Giambone saw that he’d gotten through to her. Delilah grew quiet and introspective. She had raised the blanket again from the sofa and pulled the corners of it tightly around her shoulders, until only her head poked from an opening at the top, making her seem as though she were emerging from a woolen husk. Giambone felt vindicated. Delilah understood the injustice of her attacks on him, understood that they were unwarranted. Her silence was not the silence of a smug combatant, one who recognizes the futility of argument with an adversary, but who nonetheless holds to her position. Giambone saw none of that in her face, the expression of which had grown blank, nearly somnolent. She looked chastened, as far as he could read her. He was satisfied that he need say no more on the subject. He felt a spirit of forgiveness come over him. His heart grew out to her. He decided that she was under stress and that she had expressed an irrational side that was customary for women who were pregnant. He made a vow to himself that he would do his best to make allowances for the mood swings that would surely follow as she adjusted to all the physiological changes of her pregnancy. He would be patient. This feeling of magnanimity that swept over him put him in a paternal way, as though it were his job to be the bigger of the two of them; that his wisdom would steer the way over the months ahead, as she was beset by the vicissitudes of her pregnancy, a capriciousness that made a woman more like a child. This made him soften and feel strong at the same time, like a benevolent father who must occasionally take a deep breath in his ongoing struggle to instruct his children in how to get along in the world, teaching them the lessons in maturity that he has achieved.

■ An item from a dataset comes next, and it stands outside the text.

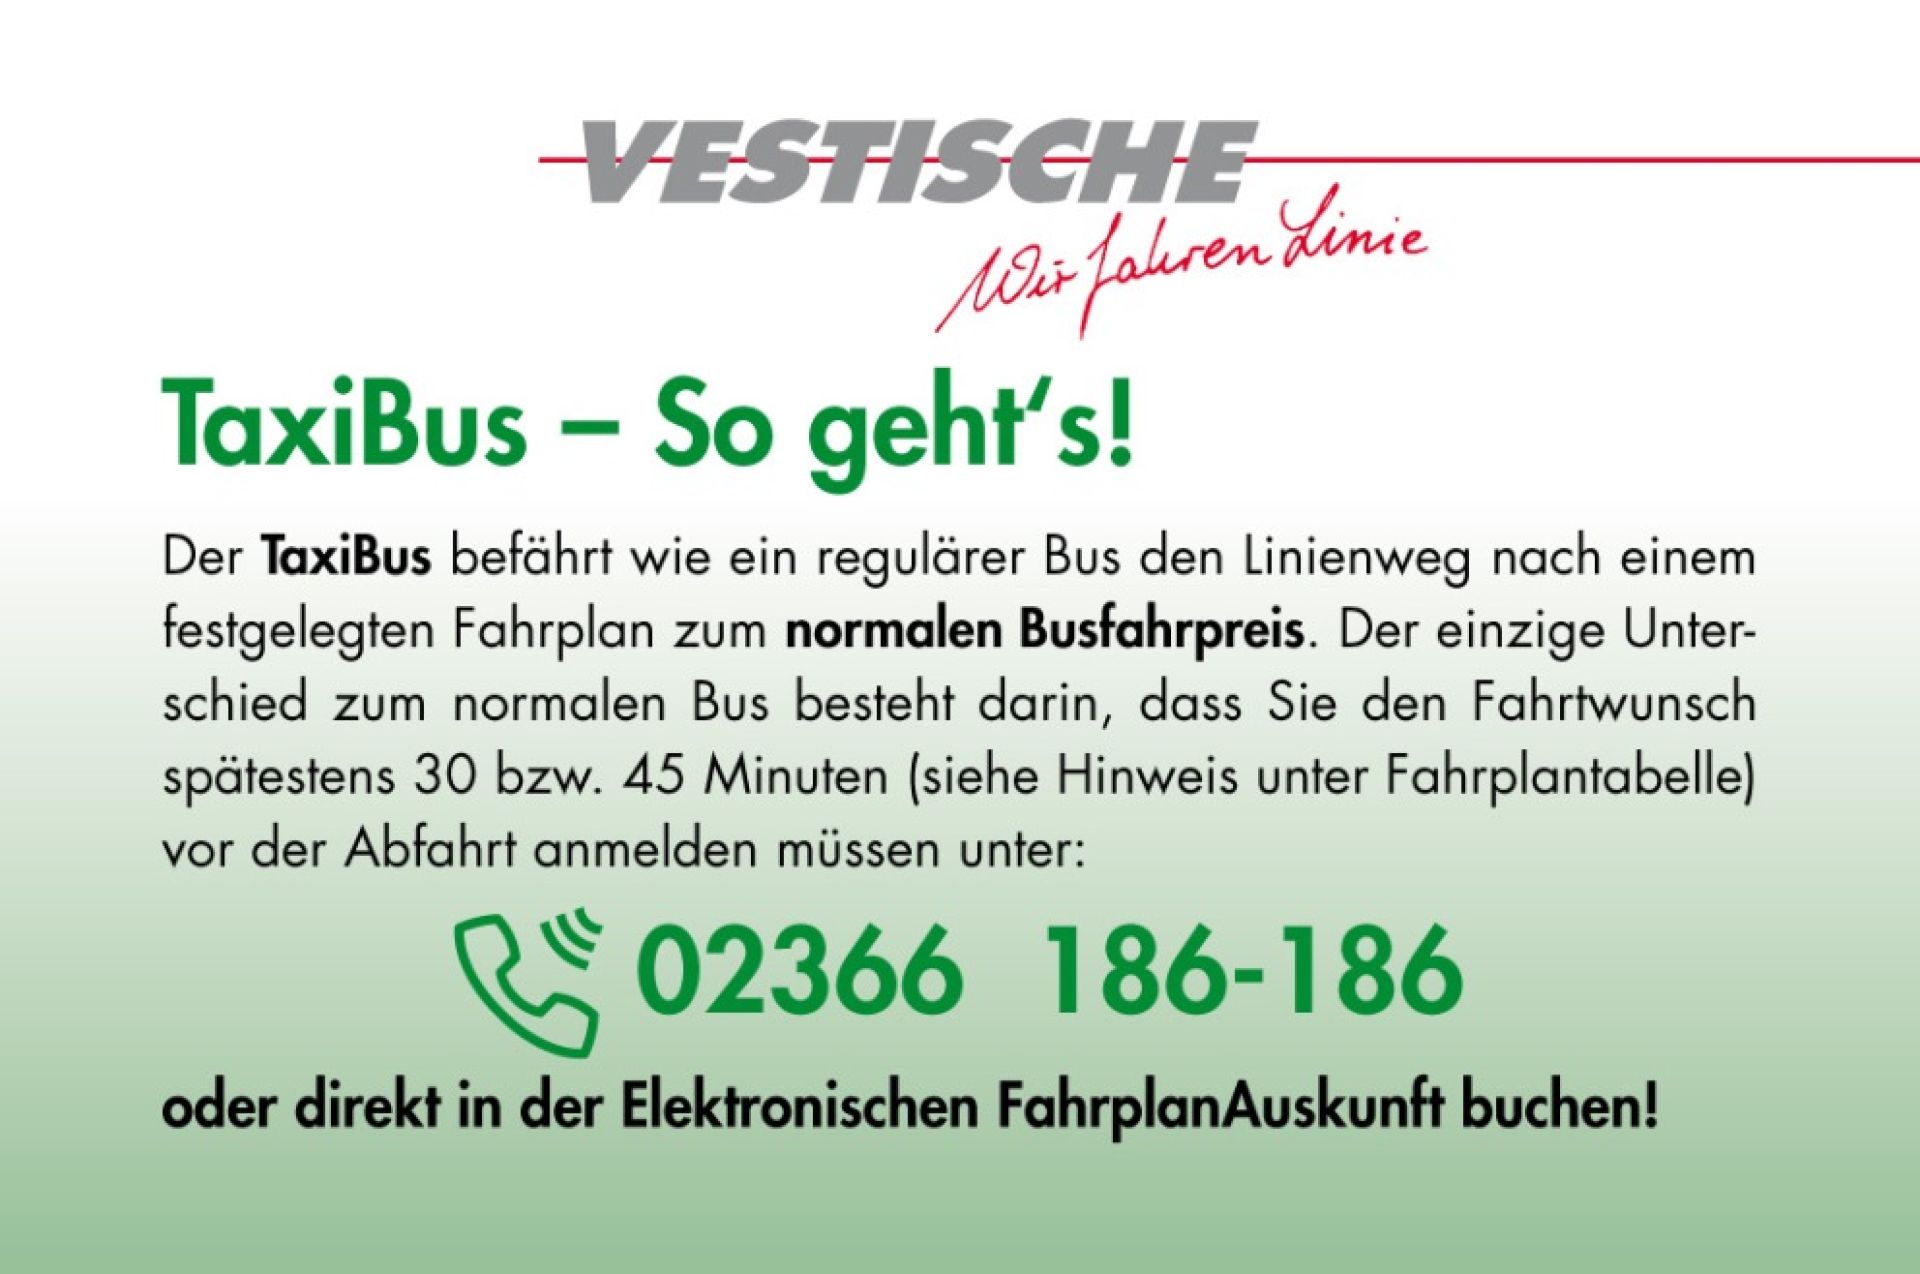 TaxiBus - So geht's! Der TaxiBus fährt den Linienweg nach einem Fahrplan zum normalen Busfahrpreis. Sie müssen nur 30 bzw 45 Minuten vor der Abfahrt dieses anmelden unter: 02366 186-186

And yet to a certain degree Giambone felt sheepish that he had been allowed to win so easily. Or that Delilah had surrendered so swiftly, as though he had been too hard on her. His victory came with some guilt at the spoils. He wasn’t using her, he thought. He loved her. She was going to be the mother of his child. He believed that she would grow accustomed to the fact that he was an unconventional soul, and while not exactly productive or ambitious in the usual way that people defined those terms, he was useful and he had lots of love to give, and she needed love. Of that he was sure. His drinking would never be a problem. He’d always drunk but it never impaired his ability to function. She would see this eventually and trust that it would never grow to be an obstacle. Her fears were heightened by emotions that her pregnancy brought on.
But she had said some mean things. And he guessed that he had as well, but only in defense of his integrity. The exchange between them was unsettling. It raised some doubts about what he was doing, made him anxious about how stable a woman she was, or what spiteful things she may say in the future. Just when he was feeling like he had figured his life out and was ready to settle down and into it for good, there came this kind of irrationality to upset him and make him nervous about the future. His uneasiness made him thirsty, so he went into the kitchen and poured himself a couple of fingers of whiskey and returned to the living room. Delilah didn’t look up when he walked in. She continued to stare vacantly at the floor with her chin and mouth submerged beneath the top lip of the blanket she kept wrapped around her. She didn’t resist when Giambone sat next to her and, holding his drink, put an arm around her and pulled her close.
“Don’t you worry, baby,” he said, “everything’s great. We’ll have a nice big party and celebrate the future. I’ll take care of everything.”